Hewett-Gordon says Mills' order was a triple whammy: It bars out-of-state guests until July, it asks them to quarantine themselves for the first two weeks of their stay, and it restricts large groups — like the kind you'd find at a seaside wedding.
"Obviously everyone from out-of-state that's theoretically not allowed here has access to the same information, and cancellations are flooding in,” she says. “And as a property, since I can't have gatherings of more than 50 people in July and August, we've had to cancel every wedding."
That's 20 full-scale events put off until next year. And there's a ripple effect for the area's wedding industry in general — on caterers, photographers, musicians, florists and offsite restaurants.

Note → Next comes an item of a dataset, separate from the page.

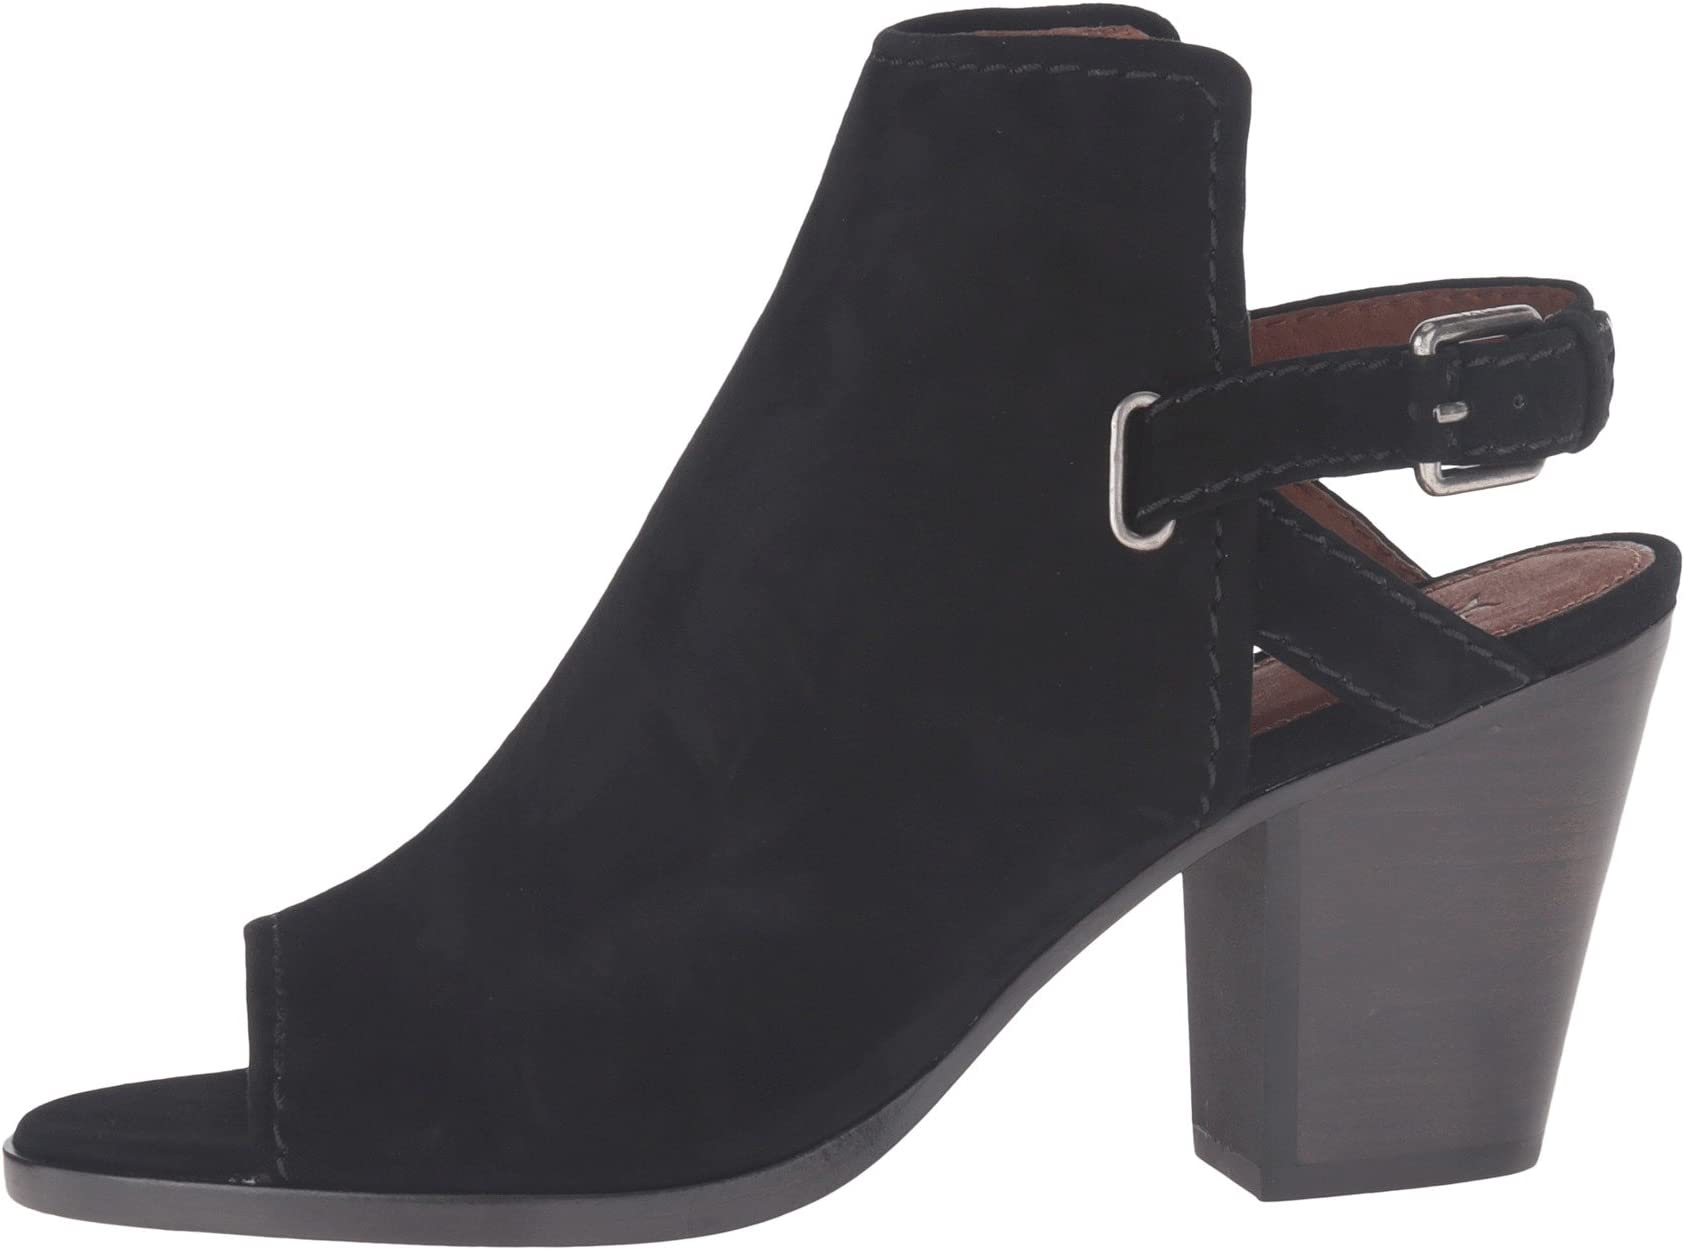 Frye Dani Shield Sling   Women's shoes   2020 Newest

"I mean if I have to, I'll borrow money and close for a year," says Jonathan West.

West opened his restaurant and performance space in Ogunquit in 1976. He thinks the food service industry was unfairly cast as a potential virus spreader. He says it's unlikely that he'll close, though: with some help from federal emergency funds, he's kept most of his year-round staff working through the shutdown — mostly on projects to match what he expects will be the strange new world of fine-dining-at-a-distance, starting as early as June.
"I've got two of my people making masks out of tablecloths, so that's pretty nice, cause now they can wear a mask and have the same table cloth that matches,” he says. “We decided a mask is just going to be part of the uniform, that's all."
Staff are redesigning each room to bring the restaurant's capacity down to 40 percent of where it was. West says soon public occupancy ratings won't be regulated against fire danger, but against viral dangers.
"We've done our floors, and we've moved our tables. We're about ready to tape the bar so there's two seats together and then six feet, two seats together and then six feet. It's a very small bar so we'll only get eight people at it, but that's fine."
Dining room setup stations will be a thing of the past, West says, with gloved waiters moving food directly from kitchen to table. All bathroom systems are now touchless. And he's trying to get a loan for a newly-sought-after kind of restaurant equipment: a full-body thermal scanner to test everyone who comes through the entry for tell-tale fevers. He expects the item to cost more than $15,000 and that, overall, the pandemic will put a six-figure hit on the business. But he says that even if the COVID-19 virus is wrestled under control, new pathogens will inevitably appear, so it's still a wise investment — the scanner, the renovations, everything.
"This isn't going away. A great friend wrote me in an email the other day and said 'you can't think outside the box any more, you have to have a new box.'"
After 43 years in business, West says he is ready to throw the old box away and start completely fresh.